Chances are if you are on a half-decent training programme, you already have loads of submaximal reps within your training, as physically it isn’t possible to lift maximally all the time however these are three common, basic and effective ways to implement submaximal training.
- Phases (hypertrophy, strength etc) – different phases of training allow for a switch of focus and some leeway in the form of training variables. For example, within a hypertrophy phase there is no need to be lifting above 90% therefore the vast majority of the movements are being performed submaximally in that time, with the aim being building muscle and getting better at the lifts. Leading on from this, transitioning into a strength phase will see a reduction in training volume and an increase in intensity however this will not sacrifice the quality of reps performed too dramatically, as the percentages are still submaximal. Obviously, some movements will be more challenging and not everything will move beautifully all the time but the idea is the focus is switched between phases of training and allows lots of quality submaximal lifting.
- Backdown sets/load drops – this method of implementing submaximal reps is very effective and also adaptable. After hitting a top set of a movement, it is good to drop the load significantly in order to get in some smooth volume work. This is because fatigue will be present after the heavier sets but also it is far more effective to perform reps with intent to improve technique, bar speed and other variables instead of testing what you can do. Load drops are more of an auto-regulatory tool, with the approach of seeing how the weight feels after, for example, a top triple. Either way, backdown sets and load drops are useful tools to get in more training volume at a submaximal percentage.

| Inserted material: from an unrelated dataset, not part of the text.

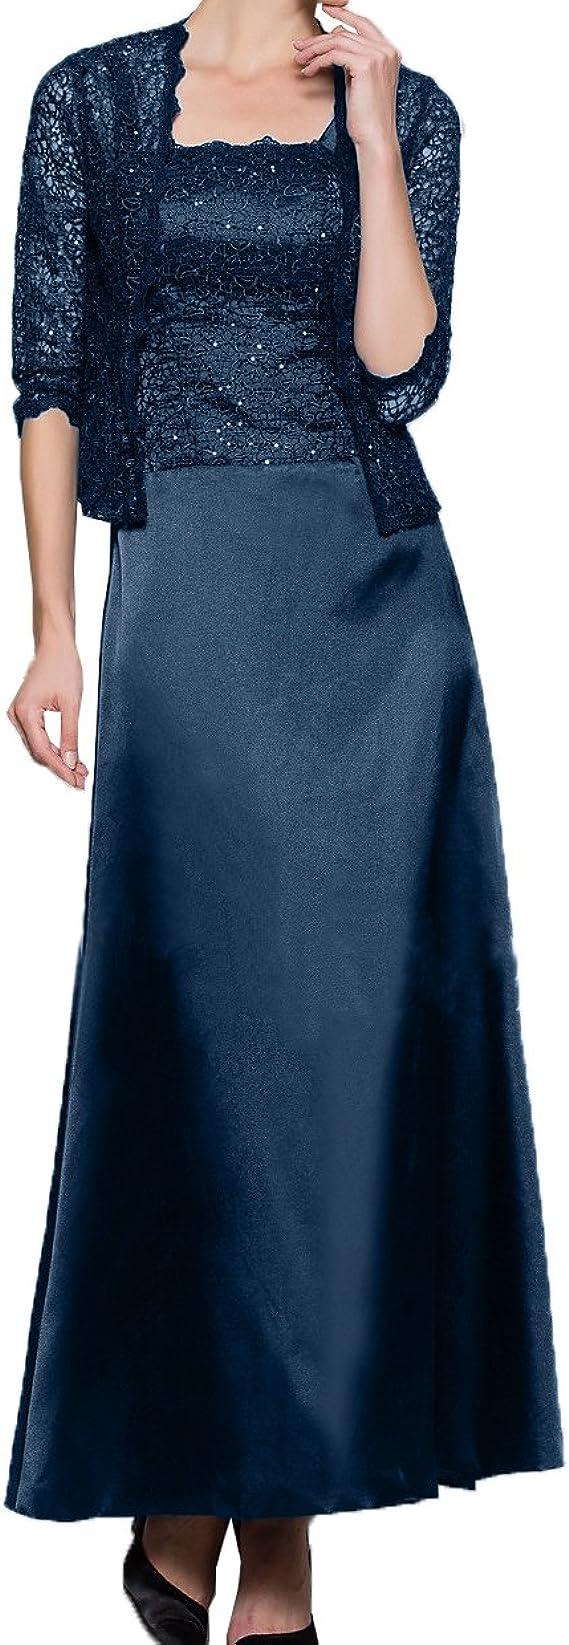 Royaldress Knoechellang Ballkleider Abendkleider Elegant Lang 2019 Kleid Fuer Brautmutter Mit Bolero 44 Navy Blau Amazon De Bekleidung

- Separate “speed/technique day” – this is a less common method to implement submaximal training but it may be of use for people who fatigue easily after main sets and want to improve speed and/or technique in a separate workout. On this day a much lighter percentage is usually used, in order to move the weight with the best technique possible, and maximal bar speed. This may also be an opportunity to play with some variations, utilising mechanically disadvantageous positions or adding accommodating resistance like bands or chains. Either way, this session should be solely focused on moving submaximal weights as if they were maximal.
The main benefits of submaximal training
- Better reps – rep quality will be increased due to lighter load
- Technique – it is far more likely technique will be improved at a submaximal load (and technique is king for improving strength)
- Bar speed – a lighter load will move faster and smoother than a heavier load, simple as that
- Consistency – rep consistency is very important for improving proficiency at a lift, and submaximal training will allow this to develop optimally
- Adaptable – training submaximally leaves room for change; if weights are absolutely flying the weight can be increased and if it is feeling slow then rep and set scheme can be changed or weight can be reduced
- Increased rate of recovery both physically and CNS – training at high intensities consistently is physically draining and will tax the CNS (central nervous system) hugely
- Potential for more volume and frequency – at lower percentage the fact is you can do more volume, it is more manageable and can be scaled up instead of hitting a wall. In addition, there is more potential for higher frequency due to increased rate of recovery and the use of submaximal load
- More room for error – at submaximal loads, if you misload by 5kg/11lbs it may not throw your set off whereas at a high intensity this could result in a missed lift. Also, at the lighter loads a technique error may not cost you as much as it would at a heavier weight
- Less injury risk – lifting lighter loads with better technique will always lower risk of injury as there will always be some sort of technique breakdown at high intensities. Furthermore, consistently lifting submaximally will improve skill at a movement and may reduce injury risk when it comes to lifting heavier more frequently
Overall, submaximal training offers a lot of benefits to those wanting to get bigger and stronger. This article is not arguing against lifting heavier loads, it is simply outlining the importance and the benefits of lifting submaximally within a training programme. Heavier loads are part of the process and are a part of getting stronger, particularly approaching a competition or testing day however the majority of work should be done with submaximal loads
“When it comes to getting bigger and stronger, the aim to improve and build on things instead of testing them becomes a far bigger priority. Quality submaximal lifting will produce far better results than consistently lifting at near maximal loads”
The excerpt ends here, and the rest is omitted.